Anna Wegmann and Dong Nguyen
Natural language is not only about what is said (i.e., content), but also about how it is said (i.e., linguistic style). Linguistic style and social context are highly interrelated. For example, people can accommodate their linguistic style to each other based on social power differences. Furthermore, linguistic style can influence perception, e.g., the persuasiveness of news or the success of pitches on crowdsourcing platforms. As a result, style is relevant for natural language understanding, e.g., in author profiling, abuse detection or understanding conversational interactions. Additionally, style can be important to address in natural language generation, including identity modeling in dialogue systems and style preservation in machine translation.
There are several general evaluation benchmarks for different linguistic phenomena but less emphasis has been put on linguistic style. Nevertheless, natural language processing literature shows a variety of approaches for the evaluation of style measuring methods: They have been tested on whether they group texts by the same authors together, whether they can correctly classify the style for ground truth datasets and whether ‘similar style words’ are similarly represented. However, these evaluation approaches are (i) often application-specific, (ii) rarely used to compare different style methods, (iii) usually do not control for content and (iv) often do not test for fine-grained style differences.
These shortcomings (i)-(iv) might be the result of the following challenges for the construction of style evaluation methods: 1. Style is a highly ambiguous and elusive term.
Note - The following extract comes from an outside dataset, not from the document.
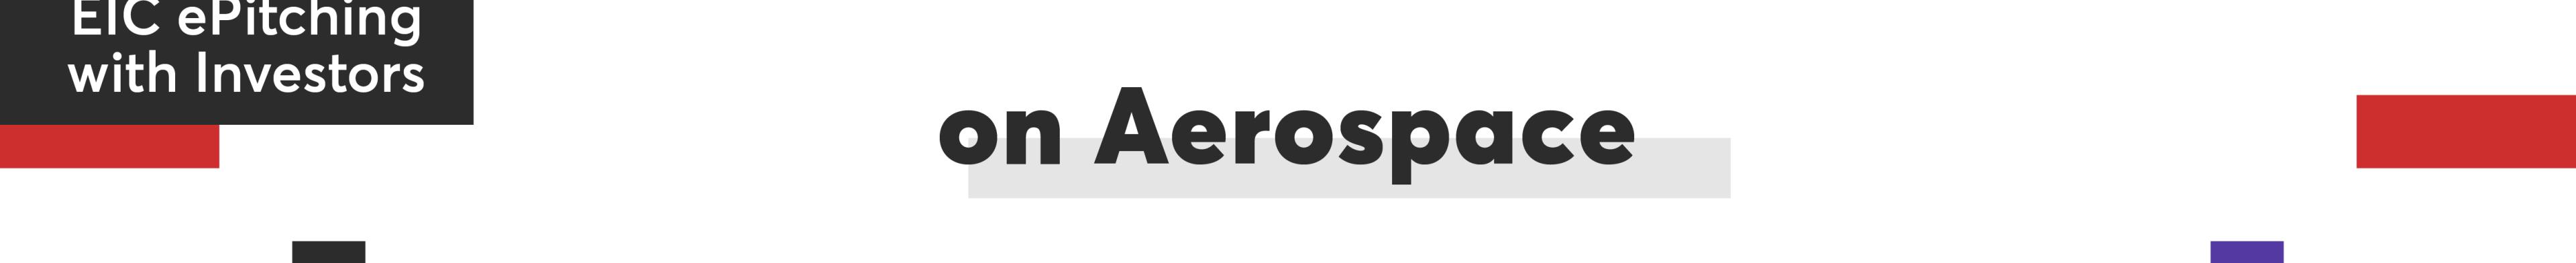 eic_epitching_investors_aerospace_community_banner.jpg

We propose a modular framework where components can be removed or added to fit an application or specific understanding of style. 2. Variation in
style can be very small. Our proposed evaluation framework can be used to test for fine-grained style differences. 3. Style is hard to disentangle from content as the two are often correlated. For example, people might speak more formally in a job interview than in a bar with friends. Thus, language models and methods might pick up on spurious content correlations in a benchmark that does not control for content.
To this end, we propose the modular, fine-grained and content-controlled similarity-based STyle EvaLuation framework (STEL). Our STEL framework demonstrates two general dimensions of style (formal/informal and simple/complex) as well as two specific characteristics of style (contraction and number substitution). By design, the STEL characteristics tasks are easier to solve than the STEL dimension tasks. STEL contains 815 task instances per dimension and 100 task instances per characteristic. Any method that can calculate a similarity between two sentences can be evaluated: (1) Methods that calculate similarity values directly (e.g., edit distance or cross-encoders) and (2) vector representations of a sentence by using a similarity measure between them (e.g., cosine similarity). This similarity-based setup also simplifies task extension (c.f. modularity). We find that the RoBERTa base model outperforms simple versions of commonly used style measuring approaches like LIWC, punctuation frequency or character 3-grams. We invite the addition of complementary tasks and hope that this framework will facilitate the development of improved style-sensitive models and methods.